What You Need To Know

  • The Garment District was home to more than 11,000 factories in the 1920s. There are now around 400

  • Mayor de Blasio attempted to create a fashion industry hub in Sunset Park, Brooklyn, but designers and factories refused to move

  • Apart from high rents, factory owners say they are having problems finding enough workers to fill open positions

Since then, he's worked in department stores, showrooms, and factories. Now, he guides visitors through this one-square mile patch of Manhattan. It's a labor of love for the 81-year old, and a tale of what he fears is one neighborhood's disappearing past.  

So how does the neighborhood compare to the one he first knew all those years ago?

“The buildings remain the same," he said, "but the whole atmosphere here has changed. The buildings were filled up, there were people, there was hustle, there was racks moving back and forth. The area was dynamic. Today, ain't so much dynamic anymore.”

In the 1920s, the area between 34th and 42nd streets, and Broadway and Ninth Avenue was transformed from the city's Red Light District, called the Tenderloin, to the Garment District, employing 46% of the city's industrial workforce, mainly Jewish immigrants, like Mike’s ancestors.

The neighborhood may have lost some of its luster, but the industry is still crucial to the city’s economy: providing 180,000 jobs, six percent of the city's workforce.
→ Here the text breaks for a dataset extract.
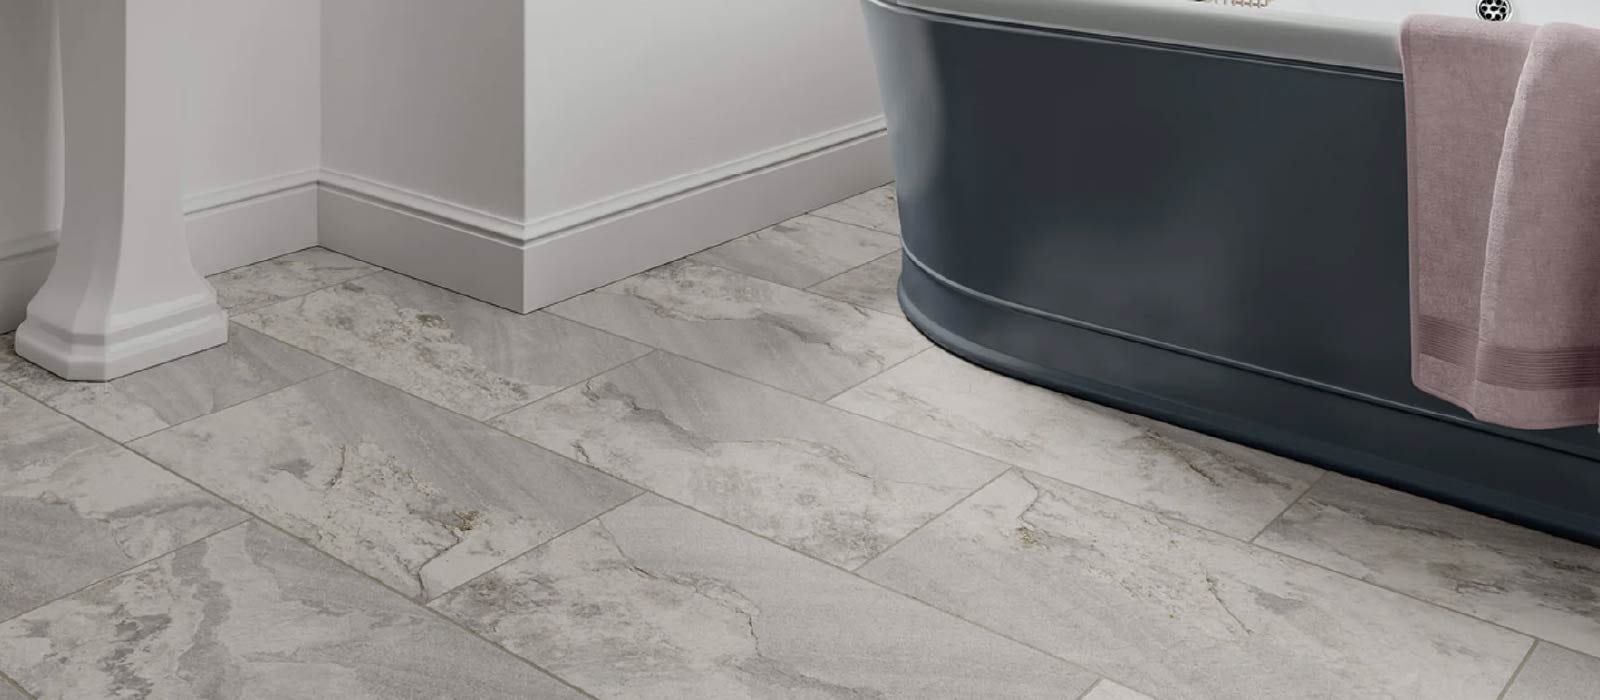 Anti Slip Tiles, Non Slip Floor Tiles For Bathroom
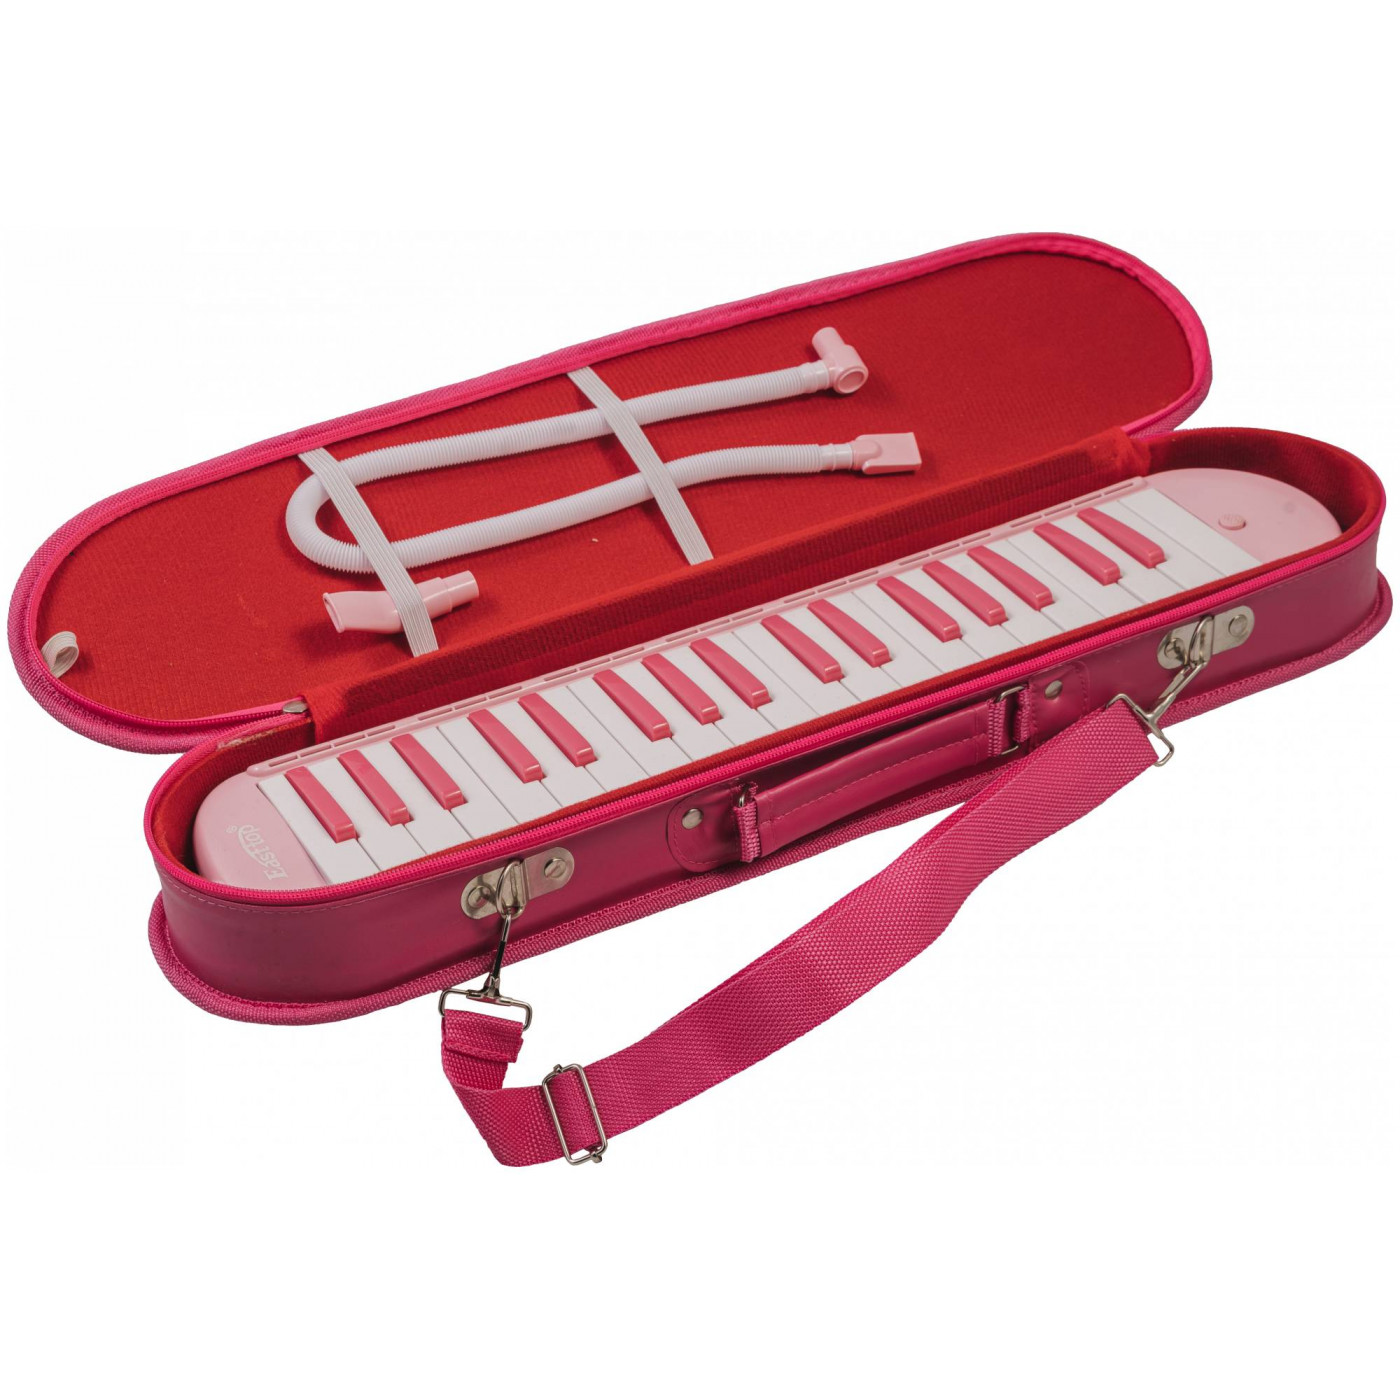 BEE BM-37SL PINK - Мелодика духовая клавишная 37 клавиш, розовый, мягкий чехол

And news that the area is set to be rezoned from manufacturing to mixed-use residential has hit garmentos hard.  

Bibhu Mohapatra is a luxury designer who has been working and manufacturing in New York City for  nearly 15 years.

News that, once again, the city is seeking to re-zone the Garment District is not sitting well with him.

“It kills me," he said. "It really kills me because they really broke down that community. It was a community. You would run out next door to buy a spool of thread to match your fabric and you would run to the factory that did that specific kind of stitching because they have that machine from a hundred years ago. All those things as we speak, are being lost with that. We are losing skills and that's a big asset to lose because it'll take centuries to bring back kind of that level of skills.”

His new Tribeca atelier is a boutique, a showroom and a design space, complete with a small factory floor.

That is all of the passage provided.